Cryptically Short Comments #

After reading the following:

u1[i] = u0[i] + dt*dudt[i]; // danger

I only know that something might be going wrong, which, since it’s C++, isn’t news at all. Maybe they’re referring to i being out of bounds? Or do they mean that dt must be chosen small enough? Maybe it’s an outdated comment?

Adding Relevant Context #

What might be helpful is to provide some context:

// Advance in time using forward Euler:
u1[i] = u0[i] + dt*dudt[i];

because it may not be obvious to every reader that the specific formula written in the code is the explicit Euler method for integrating ODEs. Equipped with that knowledge they can easily read up on any missing background knowledge.

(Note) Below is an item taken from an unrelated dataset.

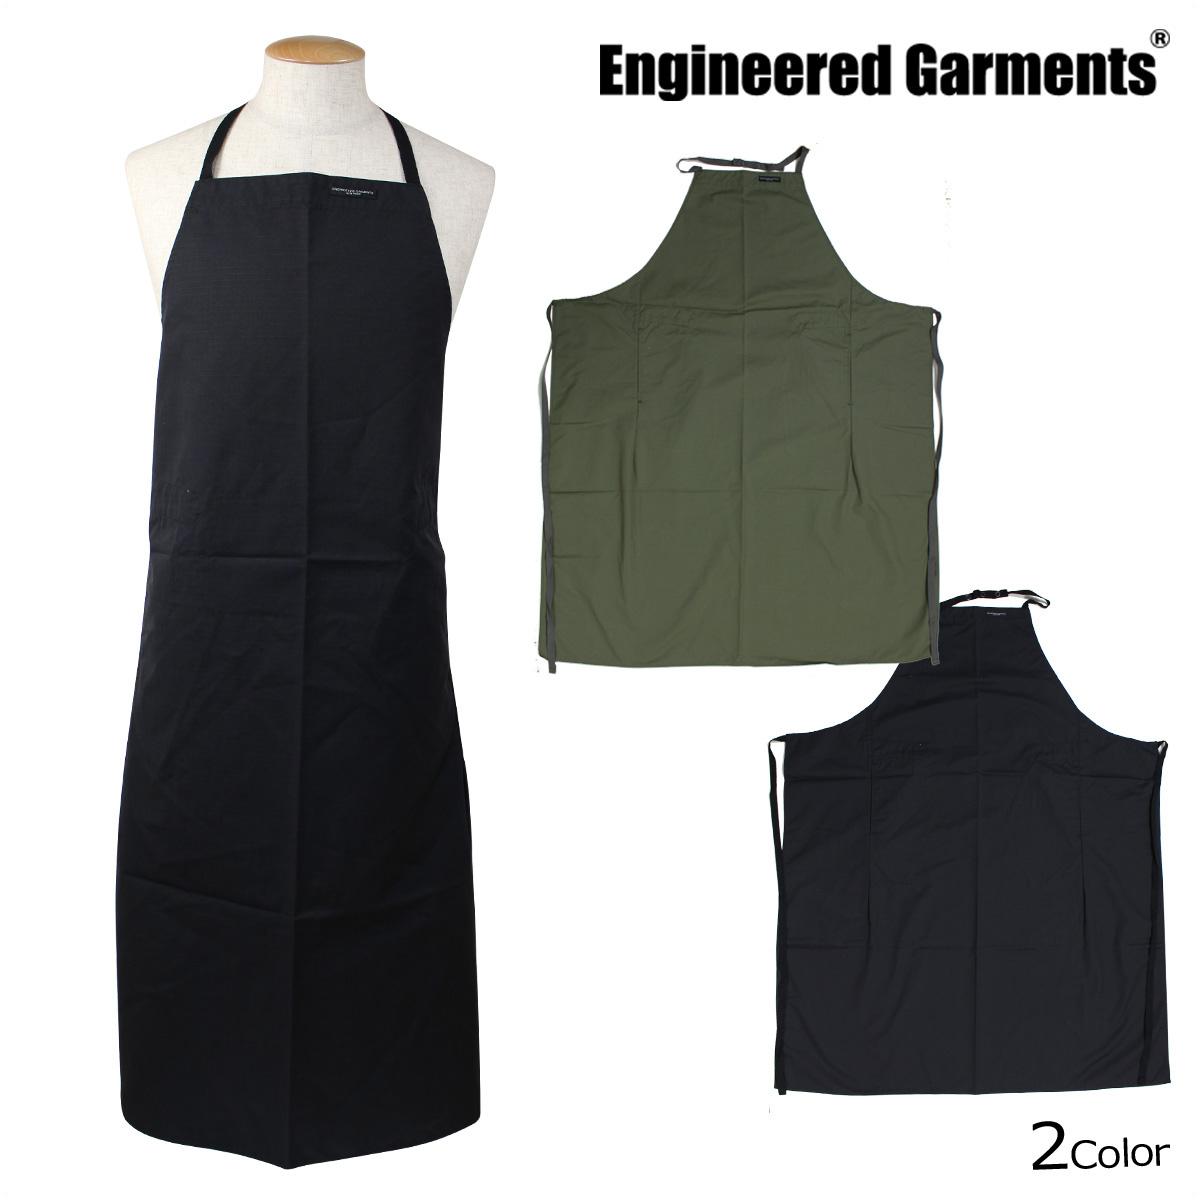 ENGINEERED GARMENTS エンジニアードガーメンツ エプロン 大きいサイズ レディース メンズ 無地 ロング 丈 NEW LONG APRON F7H0661 F7H0663 カーキ ブラック 黒

Summarizing Blocks of Code #

While literally translating the code isn’t helpful. It might be useful to write down the combined effect of several statements. Often numerous steps are needed to achieve a simple high-level goal. Unfortunately, sometimes the sequence of steps doesn’t obviously express the high-level goal. First make sure that there’s no opportunity for restructuring the code, but if there isn’t you could chose to document the high-level goal.

Commenting Ad Hoc Conventions #

In scientific computing we eventually end up with something non-trivial. After checking that it can’t be simplified, we might settle on making the unfortunate code involving 4 or 5 indices as readable as possible. This may involve picking some ad hoc naming conventions, say time indices are k, indices over the x-axis are i, etc. As a result everything is nice and consistent and easy to understand. Unfortunately, the next person to read the code might not pick up on the conventions used and as a result find it’s not consistent and not easy to read at all. Therefore, it might be useful do document these ad hoc naming conventions.